Data extracts ::
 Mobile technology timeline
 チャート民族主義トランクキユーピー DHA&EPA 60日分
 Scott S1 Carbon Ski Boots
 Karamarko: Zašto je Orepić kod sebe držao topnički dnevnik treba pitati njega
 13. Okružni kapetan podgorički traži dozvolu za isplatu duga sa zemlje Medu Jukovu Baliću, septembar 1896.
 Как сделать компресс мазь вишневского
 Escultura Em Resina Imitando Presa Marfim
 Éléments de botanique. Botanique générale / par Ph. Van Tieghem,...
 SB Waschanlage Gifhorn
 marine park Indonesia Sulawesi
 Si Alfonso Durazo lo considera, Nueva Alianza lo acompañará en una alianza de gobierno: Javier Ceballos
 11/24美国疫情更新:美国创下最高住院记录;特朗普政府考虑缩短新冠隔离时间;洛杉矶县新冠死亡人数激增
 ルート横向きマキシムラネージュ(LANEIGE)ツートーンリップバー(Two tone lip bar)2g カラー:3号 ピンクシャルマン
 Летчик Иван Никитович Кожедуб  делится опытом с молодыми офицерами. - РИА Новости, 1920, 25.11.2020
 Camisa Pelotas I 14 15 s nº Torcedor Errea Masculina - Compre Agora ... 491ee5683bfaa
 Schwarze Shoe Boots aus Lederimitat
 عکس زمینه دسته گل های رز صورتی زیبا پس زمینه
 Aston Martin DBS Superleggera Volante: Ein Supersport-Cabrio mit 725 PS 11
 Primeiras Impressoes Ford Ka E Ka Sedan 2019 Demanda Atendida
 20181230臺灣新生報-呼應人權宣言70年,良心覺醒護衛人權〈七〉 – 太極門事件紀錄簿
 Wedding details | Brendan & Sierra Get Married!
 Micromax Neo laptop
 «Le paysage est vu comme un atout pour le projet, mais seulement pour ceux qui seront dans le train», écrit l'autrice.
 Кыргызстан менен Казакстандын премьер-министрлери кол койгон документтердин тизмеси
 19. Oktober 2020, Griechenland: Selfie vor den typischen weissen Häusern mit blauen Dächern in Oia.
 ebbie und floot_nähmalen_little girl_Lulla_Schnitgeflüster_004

Exercise description ::
Above is a listing; print exactly its lines from the one with "Karamarko: Zašto je" through the one with "marine park Indonesia Sulawesi", and no other lines.

Answer to the problem ::
 Karamarko: Zašto je Orepić kod sebe držao topnički dnevnik treba pitati njega
 13. Okružni kapetan podgorički traži dozvolu za isplatu duga sa zemlje Medu Jukovu Baliću, septembar 1896.
 Как сделать компресс мазь вишневского
 Escultura Em Resina Imitando Presa Marfim
 Éléments de botanique. Botanique générale / par Ph. Van Tieghem,...
 SB Waschanlage Gifhorn
 marine park Indonesia Sulawesi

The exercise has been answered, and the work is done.